You can read the debug log here: https://huggingface.slack.com/archives/C01NHER1JLS/p1635816476000400

it's really neat though, you just change from type:transformer to type:embed|transformer and it now considers embed layers equal to transformer layer when it decides how to partition the model. Just need to figure out how to make it work ;)

thomasw21 commented 3 years ago

FYI the OOM issue we're having with multilingual might be solved if we use MBS=1 instead of MBS=8 (TBD). If it does I'd be in favor of droping adaptive softmax. cc @TevenLeScao

stas00 commented 3 years ago

We haven't added it yet, as I'm trying a different solution first as explained in my previous comment.

But you can also try other MBS between 8 and 1 :)

stas00 commented 3 years ago

Update:

So I'm still waiting to hear from Shaden about the ZeRO-1 issue, but you can already use the following solution, except you have to turn ZeRO-1 off in the config file (just set it to 0):

diff --git a/megatron/model/gpt_model.py b/megatron/model/gpt_model.py
index f0bb858..8af832e 100644
--- a/megatron/model/gpt_model.py
+++ b/megatron/model/gpt_model.py
@@ -280,4 +280,4 @@ class GPTModelPipe(PipelineModule,MegatronModule):
                          loss_fn=CrossEntropy,
                          topology=topo,
                          activation_checkpoint_interval=interval,
-                         partition_method='type:transformer')
\ No newline at end of file
+                         partition_method='type:embed|transformer')

This makes the embed layer on par with transformer layer when it performs the partitioning, so now it can have a whole pipeline stage for itself and thus can be much larger.

You can follow on the bug report here: https://github.com/microsoft/DeepSpeed/issues/1522

Somehow I doubt this will get solved any time soon, as this is an incompatibility between the pipe and zero.

Please let me know if you still would like me to look into the adaptive softmax?

p.s. additionally, if we figure out how to use BNB we then save quite a nice chunk of memory there - 3/4 of optimizer states (the jury is still out there of how well it works - I'm actively working on that one with Tim.) But if it works we can definitely turn ZeRO-1 off, since with 3/4 memory usage we don't really have to shard optimizer states (Which is what ZeRO-1 does), it'll take exactly the same amount of memory with BNB if sharded over 4 gpus (i.e. TP=4).

stas00 commented 3 years ago

tldr: OK, so I did testing of my proposal above on 32 nodes. And it's a success conditional on either BNB or ZeRO-1 working.

I did the test with TP=4 PP=32 - same as 104B setup (but a few layers less).
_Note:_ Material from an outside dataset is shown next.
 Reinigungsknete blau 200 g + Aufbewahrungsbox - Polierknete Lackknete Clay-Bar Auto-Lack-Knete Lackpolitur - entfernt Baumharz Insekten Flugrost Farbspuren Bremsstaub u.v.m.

So with the above change and lowering n_layers to -2, I get this new map:

     0: _to_float16
     1: EmbeddingPipe
     2: <lambda>
     3: ParallelTransformerLayerPipe
stage=1 layers=2
     4: ParallelTransformerLayerPipe
     5: ParallelTransformerLayerPipe
[...]
stage=30 layers=2
    62: ParallelTransformerLayerPipe
    63: ParallelTransformerLayerPipe
stage=31 layers=5
    64: ParallelTransformerLayerPipe
    65: <lambda>
    66: MixedFusedLayerNorm
    67: EmbeddingPipe
    68: float16_to_fp32
  loss: CrossEntropy

Note, we had to chop off 2 layers!

So now EmbeddingPipe and ParallelTransformerLayerPipe are on equal grounds. The former is about 2x larger than the latter, so the first and last stages where they share it. are 1.5x larger than stages with 2 ParallelTransformerLayerPipe

If need be we could further re-tune the partitioning to give EmbeddingPipe more space - actually we will most likely want to do that to equalize the weights and utilize the gpus better. So a whole stage to EmbeddingPipe (2 times) and the rest is pairs of ParallelTransformerLayerPipe.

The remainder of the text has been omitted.